Перед тем, как идти в зал к греку занявшему столик, Василий заглянул в моечный цех к старой знакомой Павлине Якубовне Чечёткиной, более известной как баба Паша.

Познакомился Грешнов с ней так.

Чечёткина торговала у станции метро стельками, квашеной капустой и солёными огурцами. Василий покупал у неё соления на закуску и долгое время их знакомство дальше товарноденежных отношений не заходило. Однажды, будучи пьяным, он увидел, что в её ассортименте отсутствуют солёные огурцы и стал бабу Пашу попрекать:

- Что же ты наделала? Ну, что, на рынок прикажешь мне за ними идти?

- Зачем рынок? Пойдём ко мне, они у меня дома.

- А может, твой дед их съел?

- Да, я за такого парня красивого любого деда убью. Нет у меня никого, одна живу.

Дорогой баба Паша говорила Василию и другие комплименты. Дома накормила, напоила и вместе с собой спать уложила. И стал Василий то реже, то чаще к бабе Паше заглядывать.

Когда Грешнов прошёл на мойку, то заметил, как баба Паша объясняется официанту, Олегу Шептункову, Нинкиному однокласснику, в любви.

- Для меня мужчина - Господь Бог, - убеждённо говорила Чечёткина. - Его слово для меня закон. Готова ползти за ним по сырой земле и целовать следы его ног.

Официант понимал, что под этим мужчиной подразумевается он и слушал Павлину Якубовну более чем благосклонно.

Узкоплечий с широкими бедрами, с тонкой длинной шеей, - со стороны объект симпатии выглядел нелепо и смешно.

- Павлина, оставь юношу в покое, - сказал Василий, - моё сердце в слезах.

- В слезах? - с хохотом пойманной за руку воровки выкрикнула баба Паша и, бросив как ненужный сор предмет обожания, подбежала к Грешнову.
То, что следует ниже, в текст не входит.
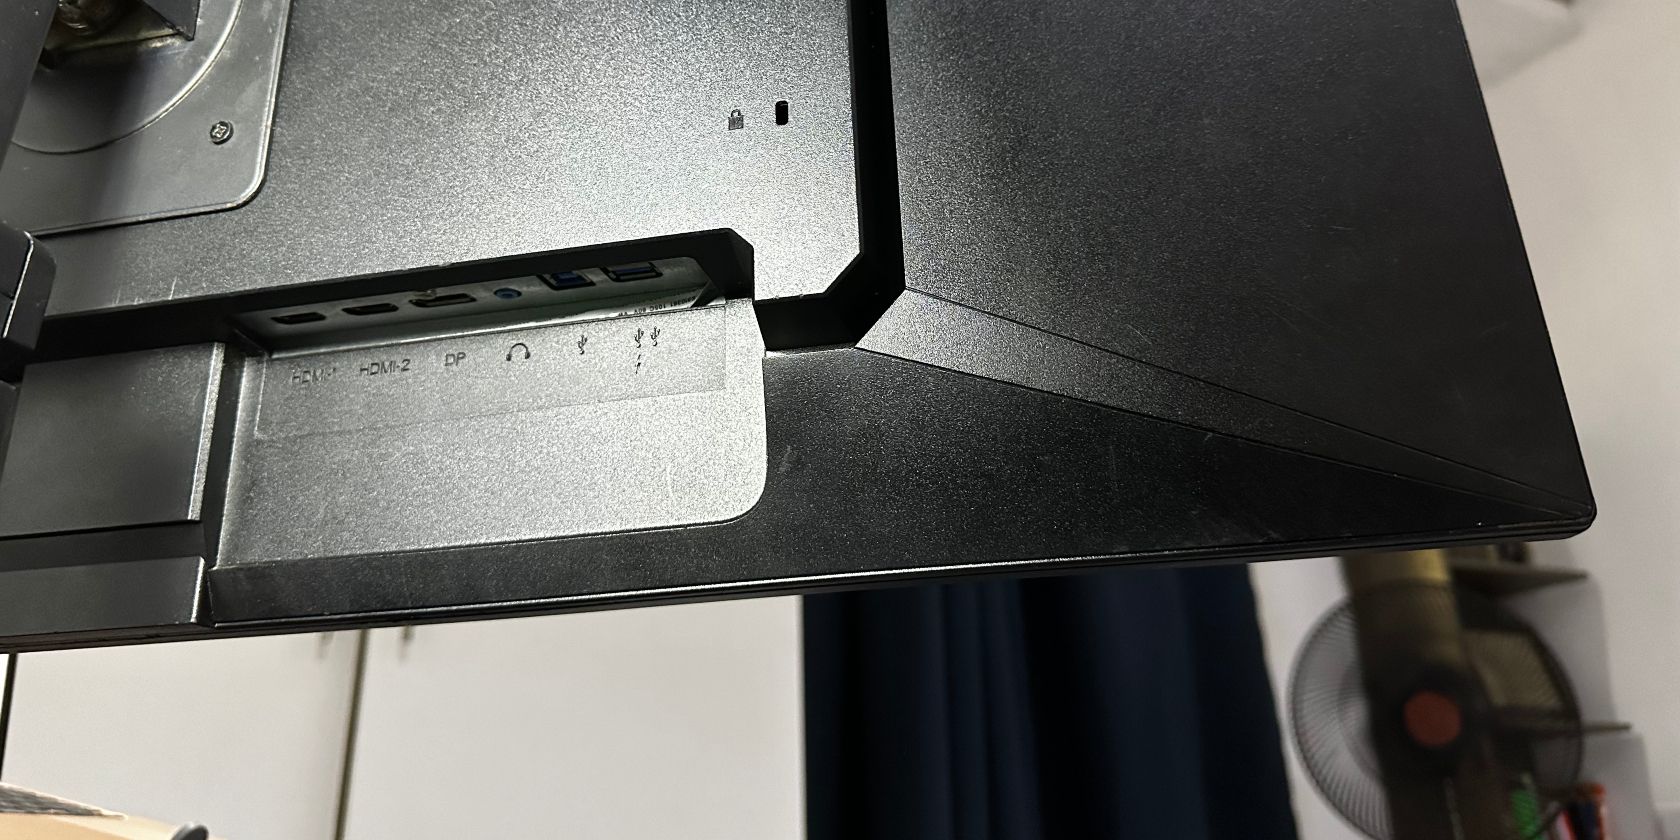 Back of monitor displaying connectivity ports
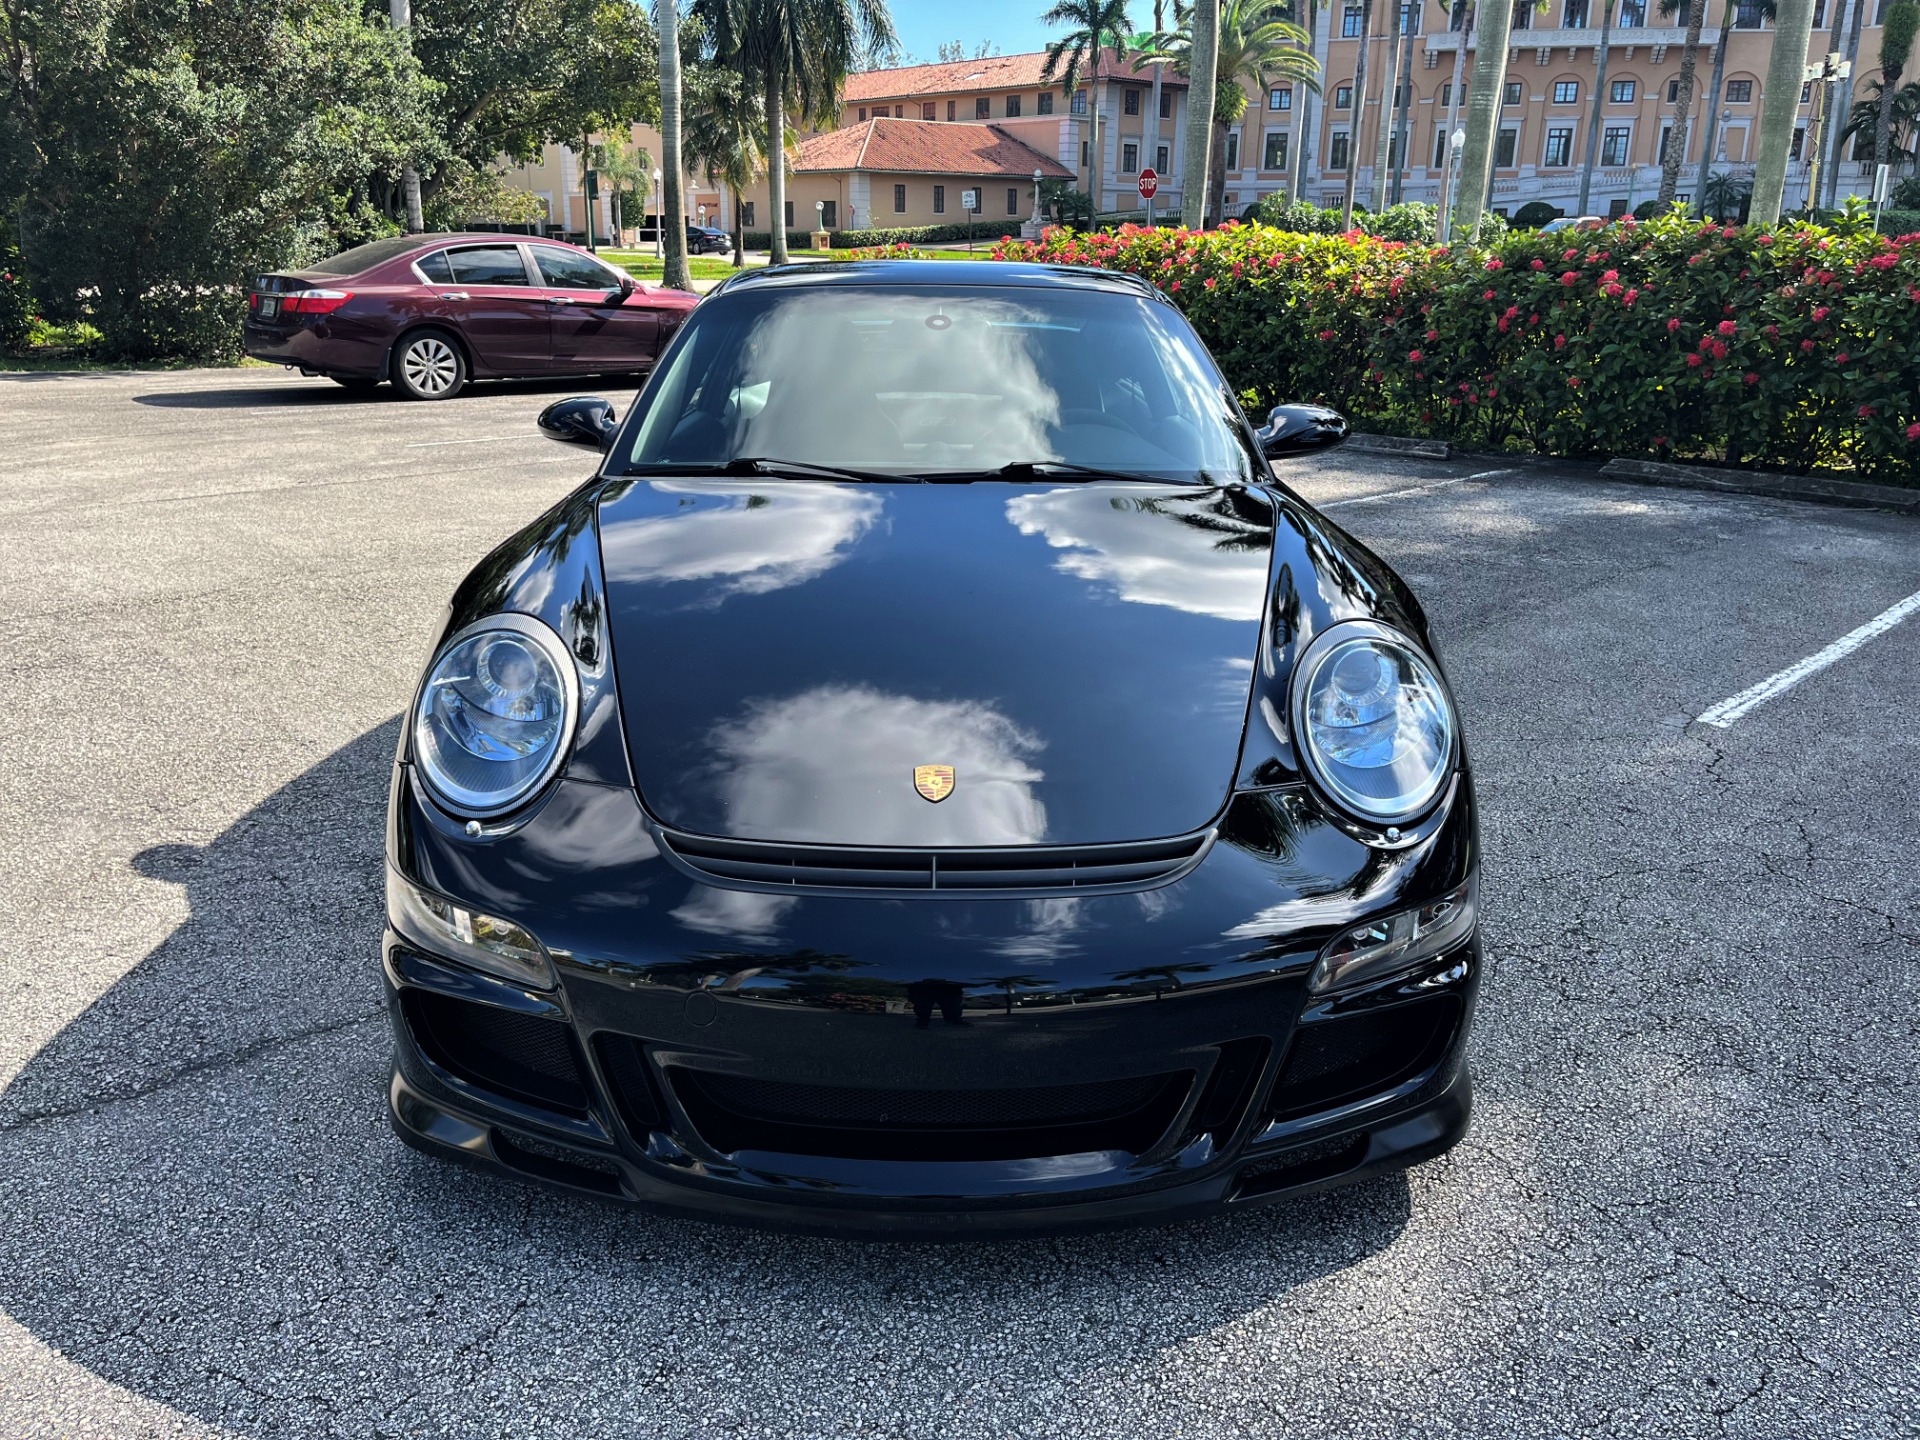 Used 2007 Porsche 911 GT3 for sale $139,850 at The Gables Sports Cars in Miami FL 33146 3

- Ведёшь себя, как покойная принцесса Диана, а я тебя, между тем, на королеву Елизавету прочу. Я уже говорил с кинорежиссером о тебе, возможно, сегодня зайдет на тебя посмотреть.

- А если не зайдет?

- Тогда помогу сумки до дома донести, - пообещал Василий и, пощупав ещё упругую филейную часть Павлины Якубовны, побежал в зал, где его дожидался Костас Трипостопулос.

Василий выпил с греком, закусил и начал витийствовать.

- Посмотри на меня. Давай вспомним, в какой семье я вырос. Отец и мать у меня люди деревенские, приехали в Москву, устроились на завод. Мать затем закончила педагогический, стала учительствовать. Я в школе учился на тройки, поступил в заводской техникум, затем армия. После службы вернулся было на завод, но его закрыли.

- А зачем ты мне это второй раз рассказываешь? - засмеялся режиссер. -У меня хорошая память. Я твою биографию знаю.

- Знаешь? А то, что я пастухом в восемь лет работал, тебе тоже известно? - возмутился Грешнов. - И что в лесу, на тот момент водилась стая голодных волков?

Костас притих, а Василий продолжал:

- И, что я сделал? Как уберёг стадо? Я всю ночь провёл на ферме. Пилил коровам рога, наносил им на бока оранжево-чёрные полосы. И ранним утром из колхозной фермы вышло на пастбище не стадо беспомощных бурёнок, но стая беспощадных уссурийских тигров. Не только волки из леса убежали, но и жители окрестных деревень, во главе с председателем сельсовета. Даже в местной газете об этом писали. Статья называлась: "Верхом на Шерхане". Я действительно ехал на одной из коровок верхом. Ну, а что мне оставалось делать? Я бы стадо не уберёг. Волки бы зарезали двух-трёх коров. Мне же всего восемь лет было.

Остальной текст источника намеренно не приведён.